Kid Ink – Almost Home EP review

At least LA Artist Kid Ink is straightforward about his blandness. In an era where image can be everything, he assumes a moniker that pretty much explains he’s firmly beholden to the ethos of the heavily tattooed, social media obsessed corner of Hip-Hop, where no one tattoo matters as much as the fact that you have some, and no one song matters as much as the fact that you’re a rapper.

There’s tremendous poetic justice in a person being named for imagery being so nondescript that he probably needs those tattoos for anyone to remember who he is.

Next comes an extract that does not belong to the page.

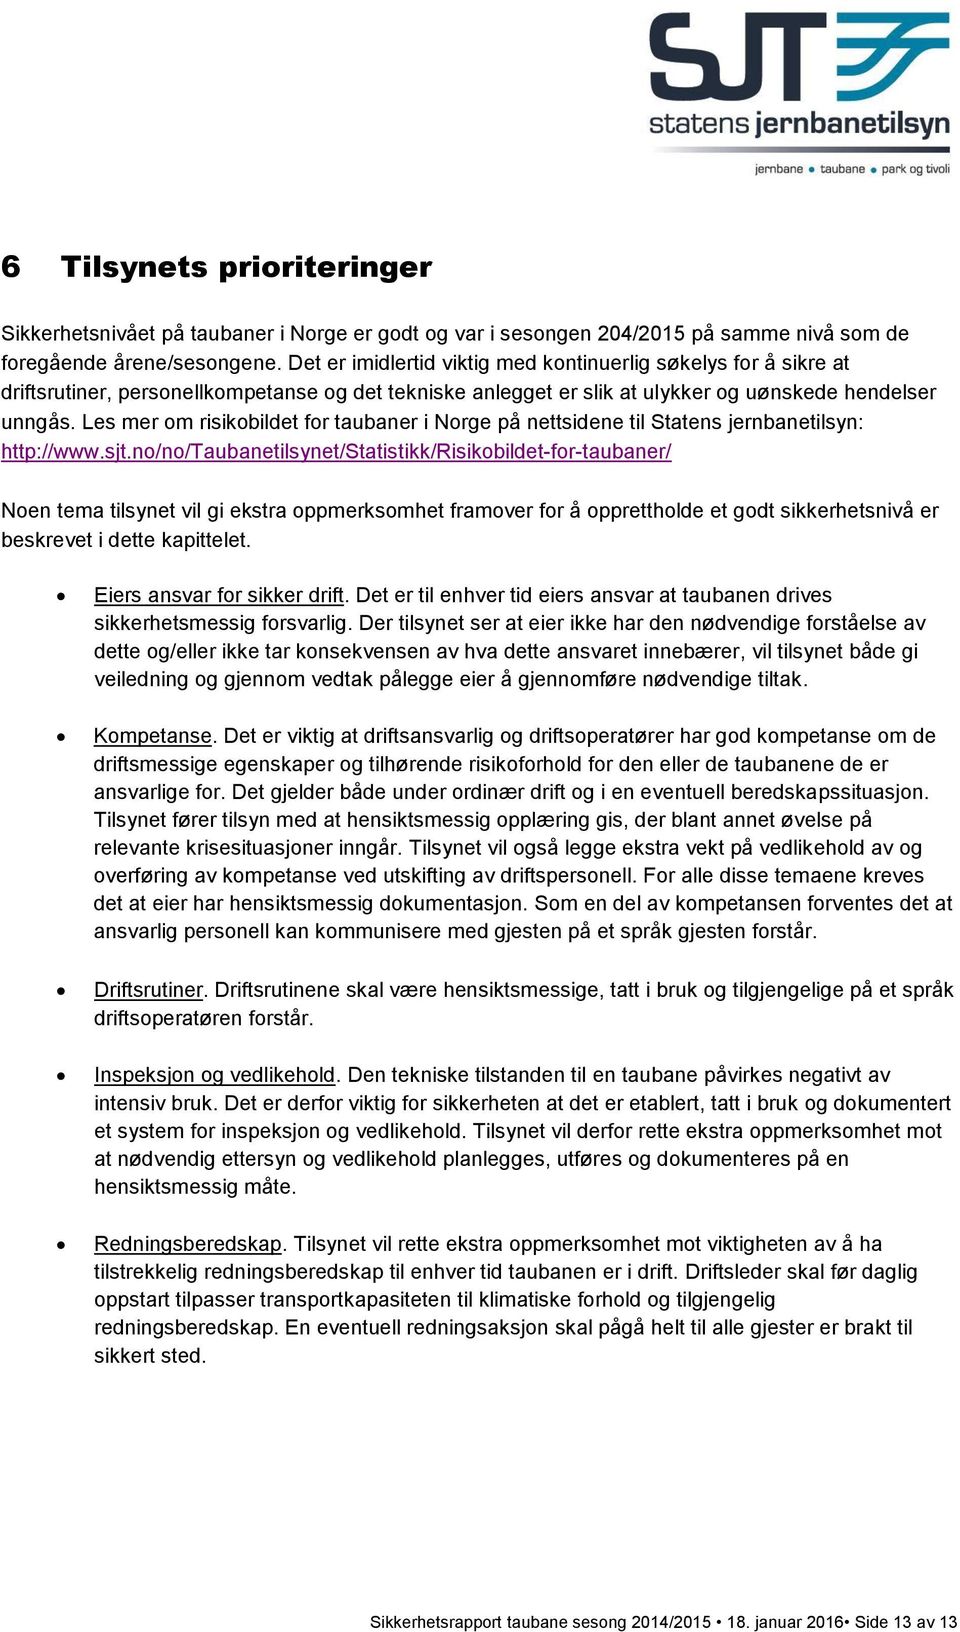 Les mer om risikobildet for taubaner i Norge på nettsidene til Statens jernbanetilsyn: http://www.sjt.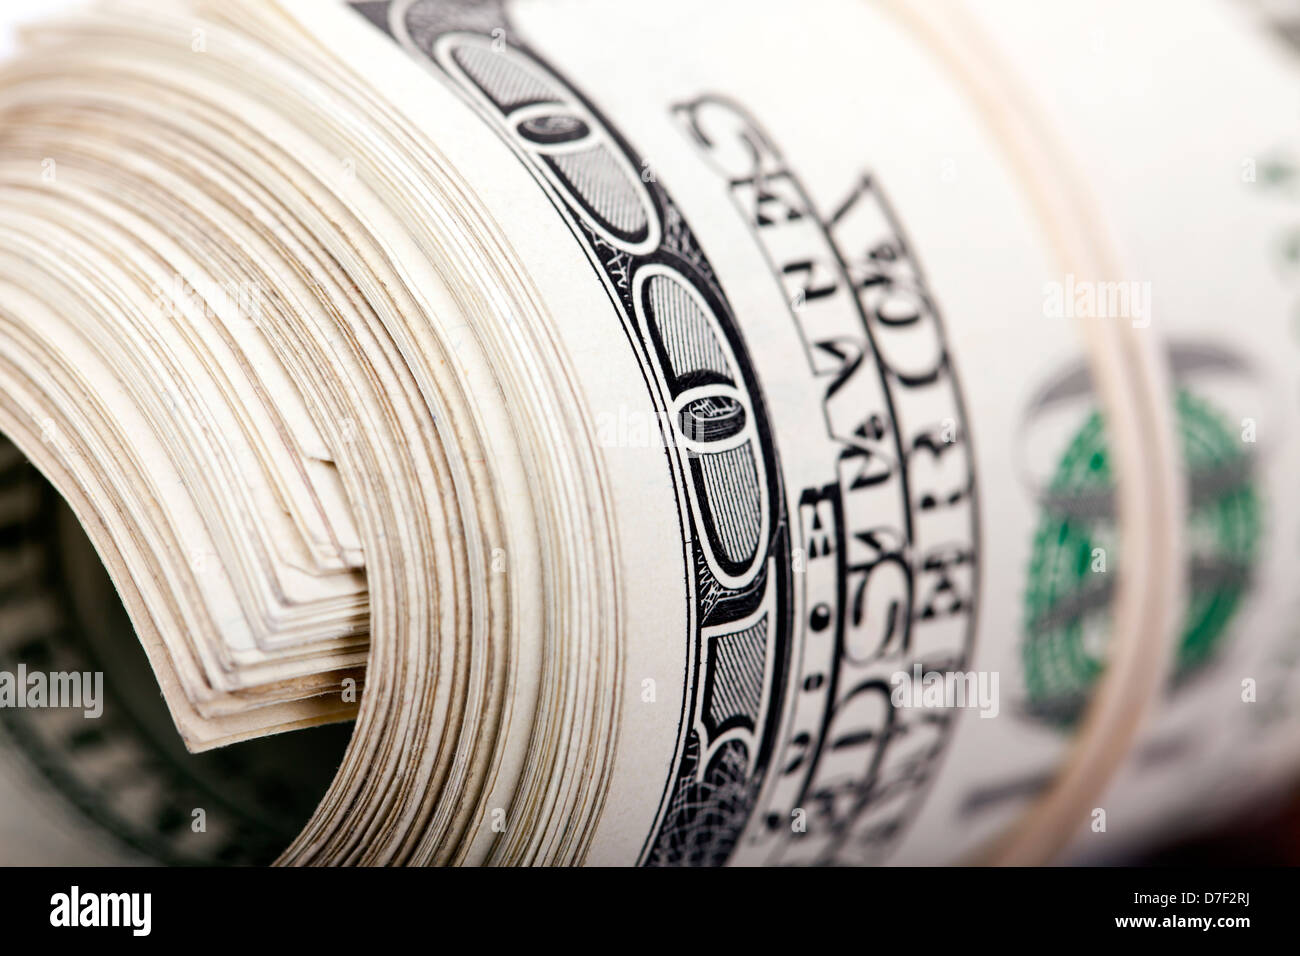 Eine extreme Nahaufnahme einer Reihe von 100 US-Dollar Geld Notizen aufgerollt und mit einem einfachen Gummiband zusammengehalten. Stockfoto

From listening to his Almost Home EP, you could infer that Kid Ink is a poor man’s Tyga (who’s a poor man’s poor man’s Lil Wayne) who somehow doesn’t manage to have the majority of solo tracks on a 6 track EP. He apes the bouncy flow Meek Mill and Ace Hood have firmly laid claim to on the entire project and bounces around mindless word association (sampled: “I hope you know how to swim before I drown you in money”) with all the charisma of a janitor mopping a floor. He raps like it’s his job, and he doesn’t really want to do it, the irony being Hip-Hop is an entirely voluntary occupation.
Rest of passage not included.